ABOUT THIS TASK: Repeat the data that follows, word for word, without the images.
(RECORDED DATA Opens)
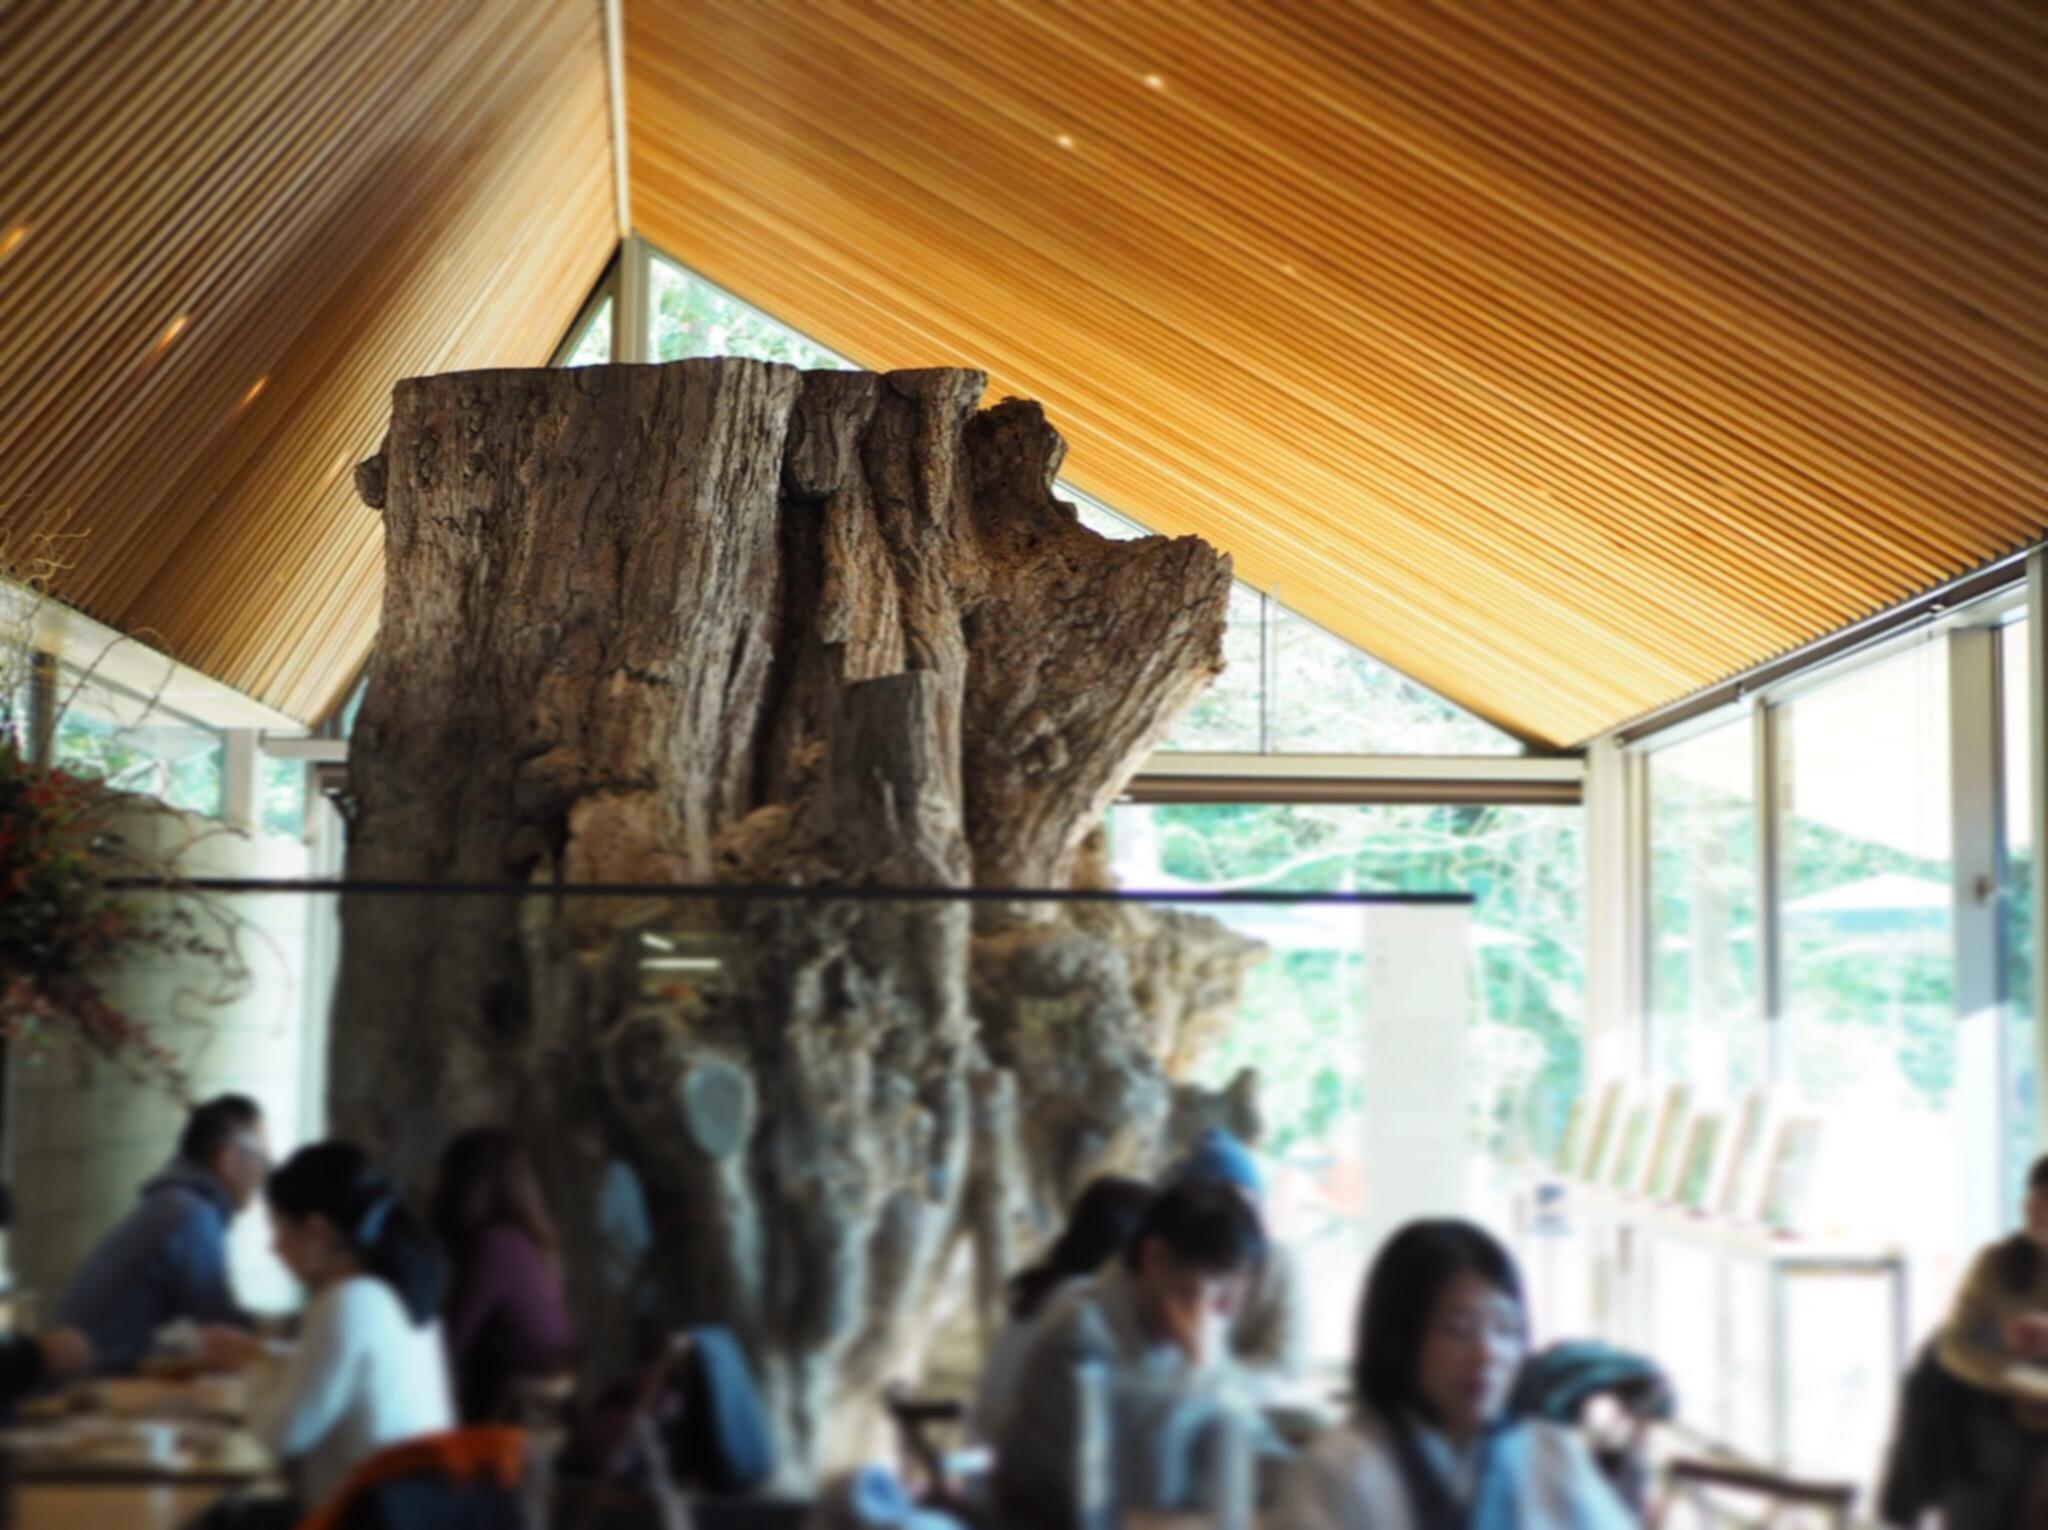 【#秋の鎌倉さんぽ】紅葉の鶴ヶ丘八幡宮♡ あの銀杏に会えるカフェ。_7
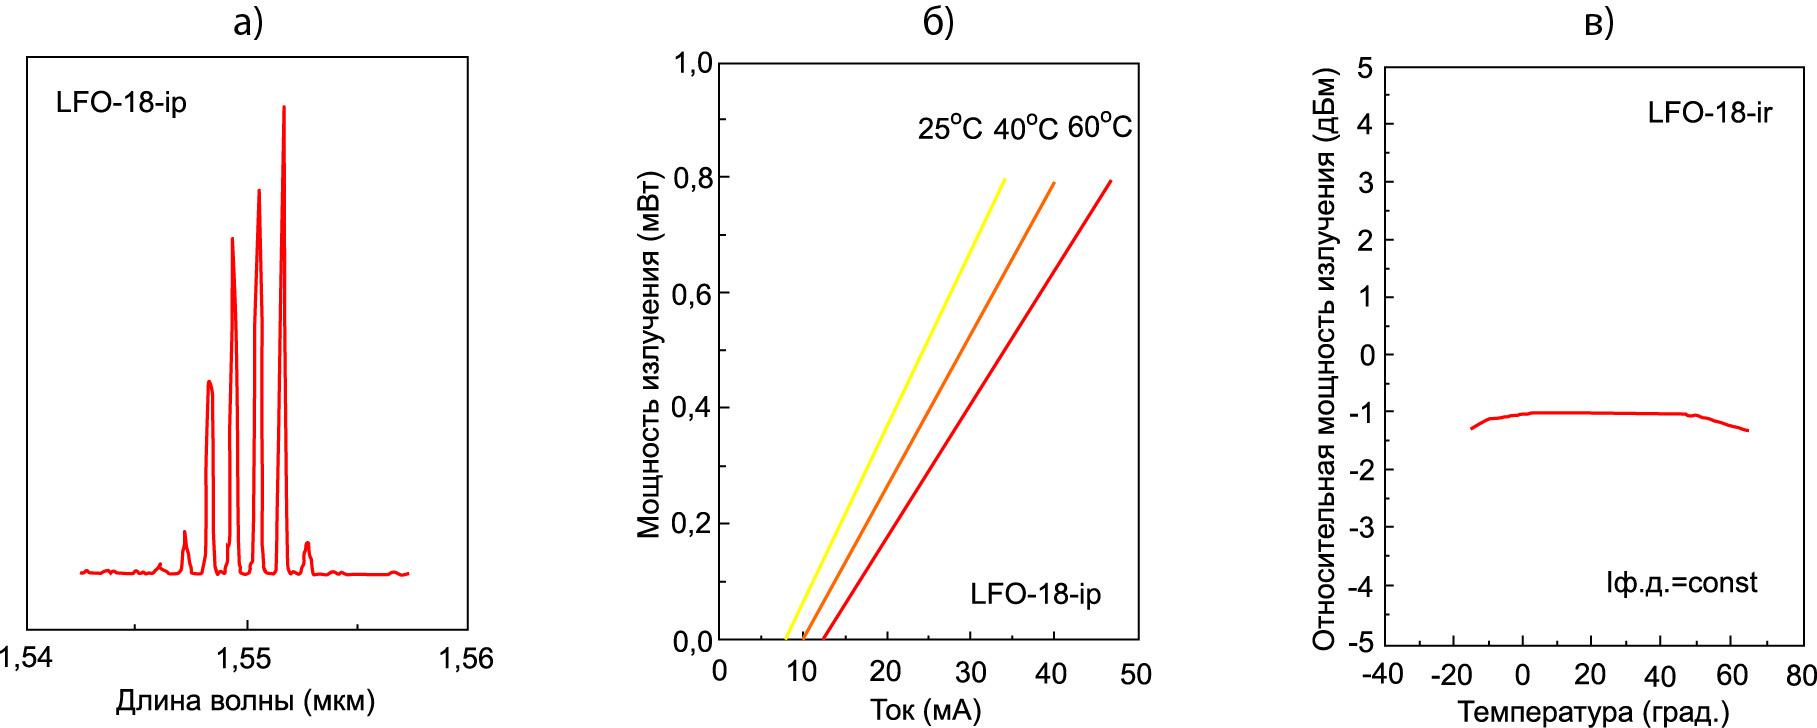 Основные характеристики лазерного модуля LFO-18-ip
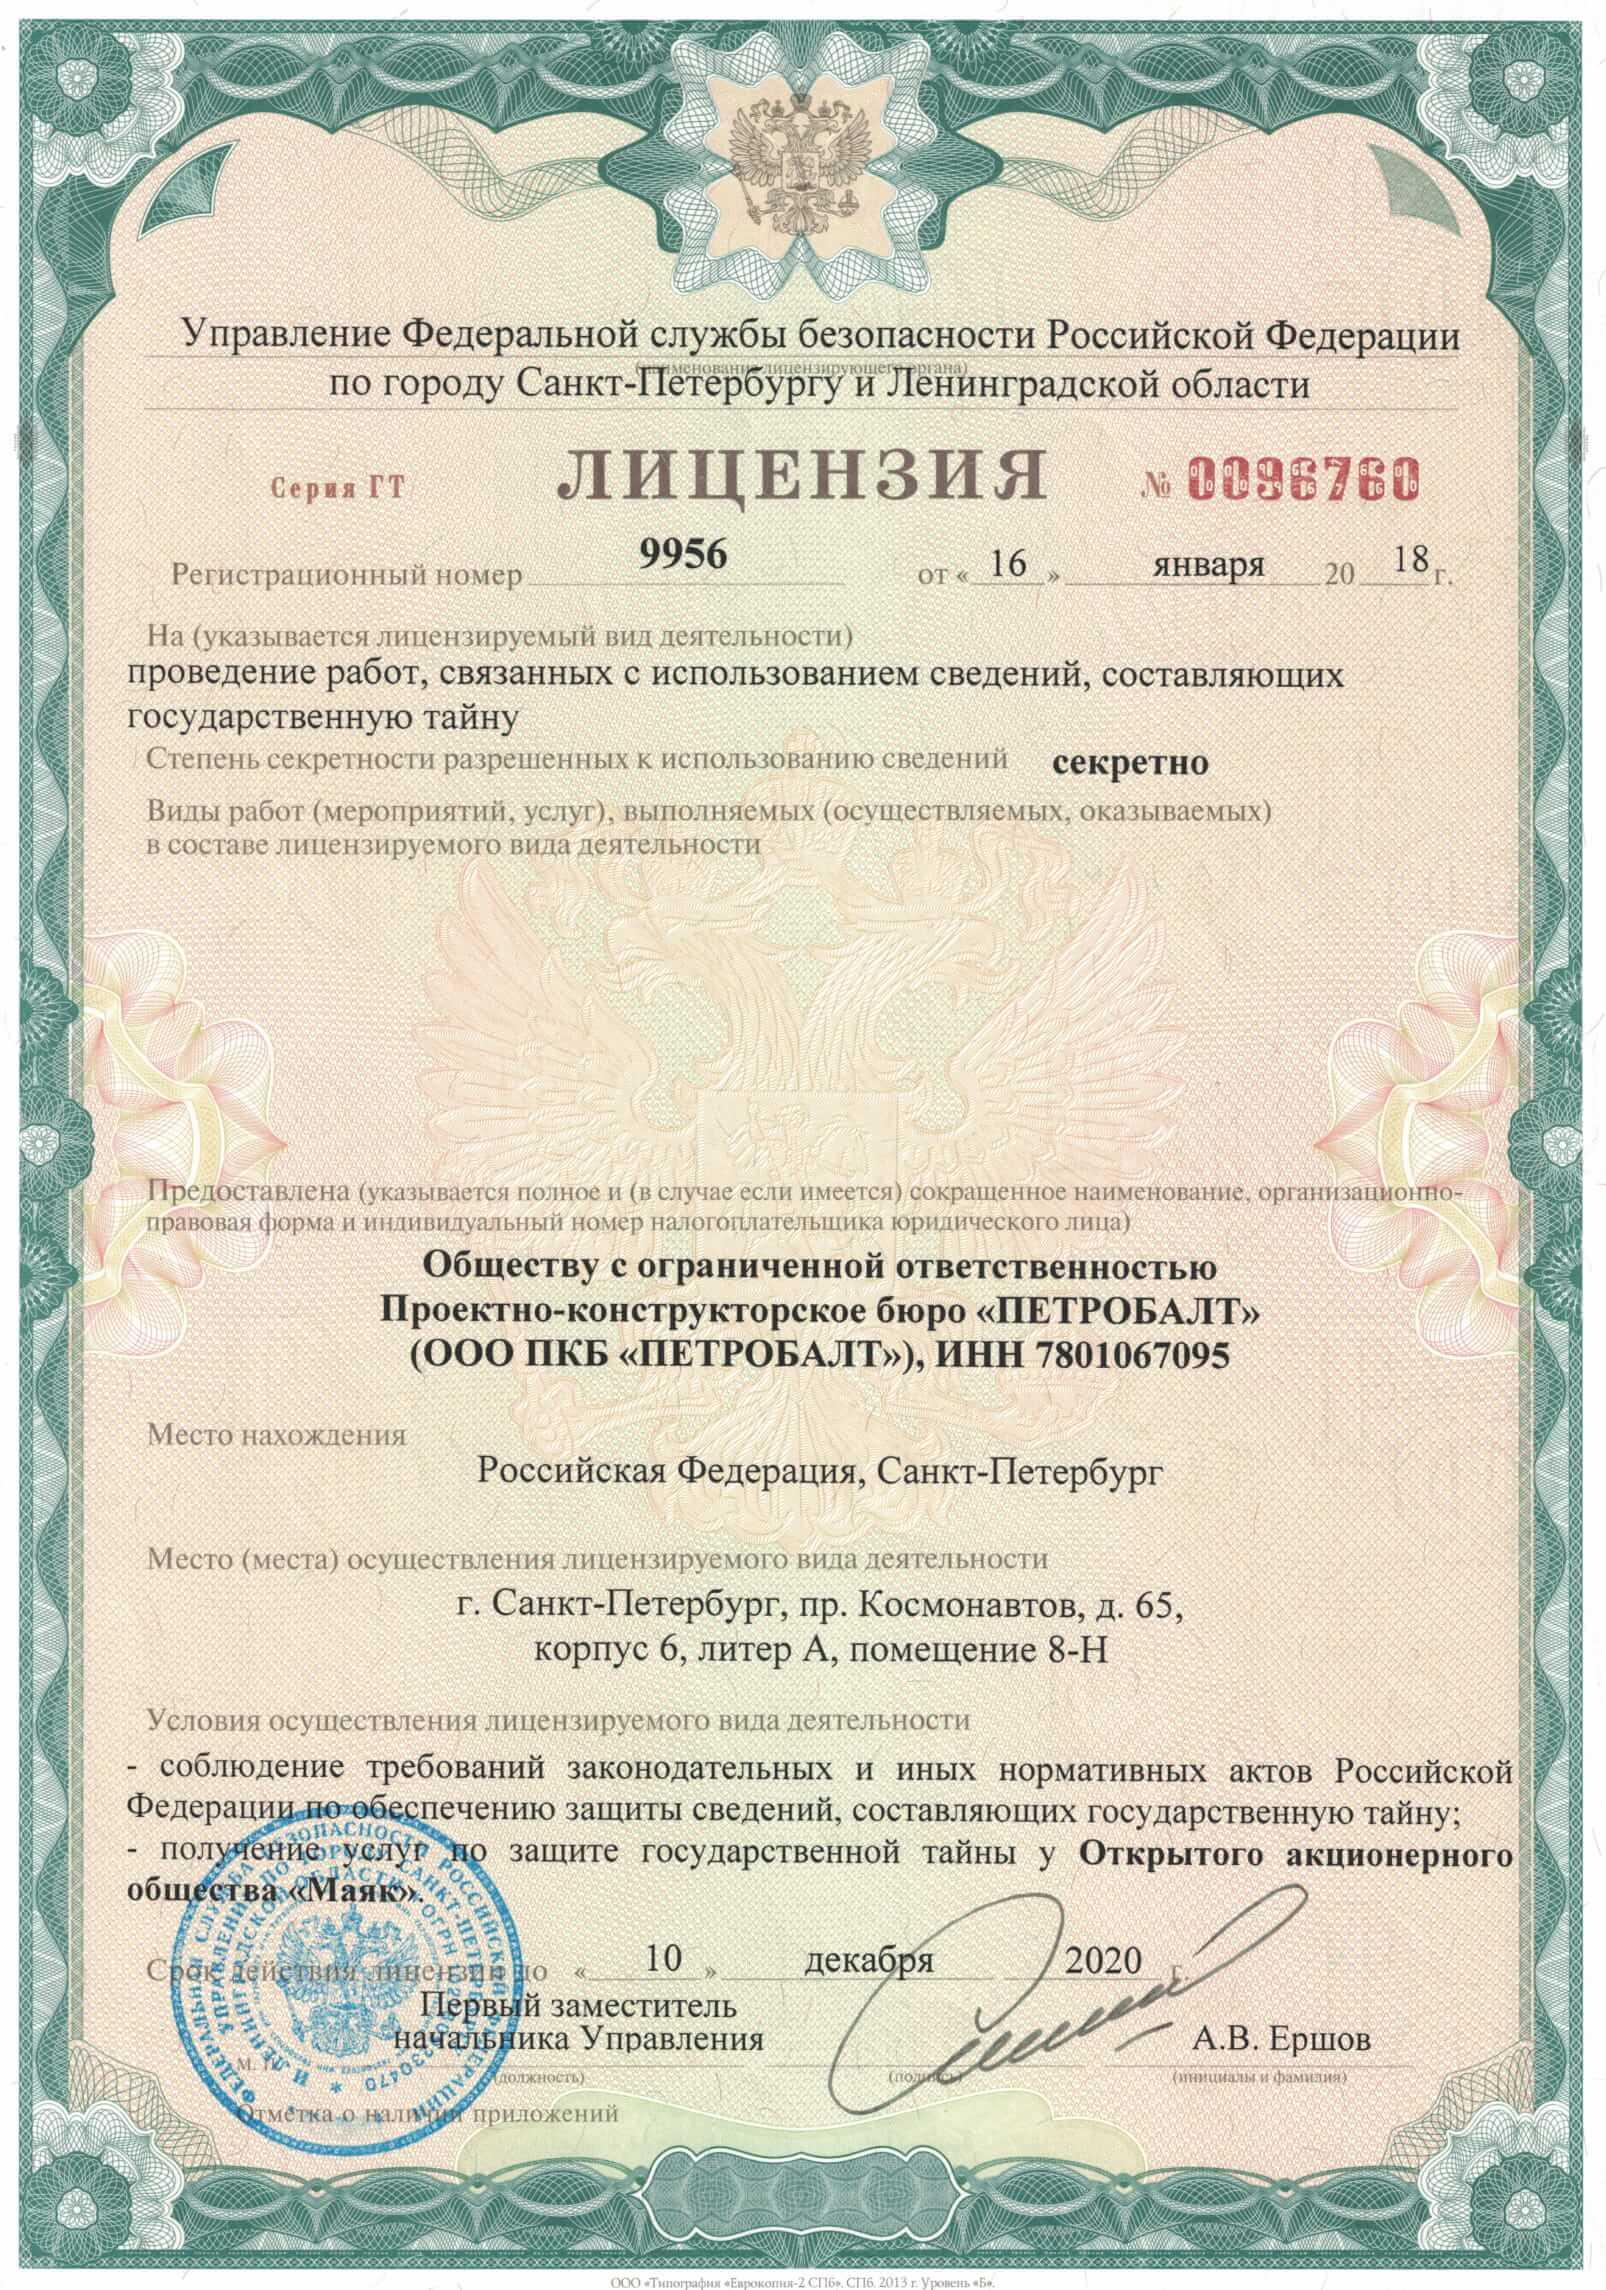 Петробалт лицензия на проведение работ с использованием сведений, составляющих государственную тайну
(RECORDED DATA Closes)
TASK ANSWER:
 【#秋の鎌倉さんぽ】紅葉の鶴ヶ丘八幡宮♡ あの銀杏に会えるカフェ。_7
 Основные характеристики лазерного модуля LFO-18-ip
 Петробалт лицензия на проведение работ с использованием сведений, составляющих государственную тайну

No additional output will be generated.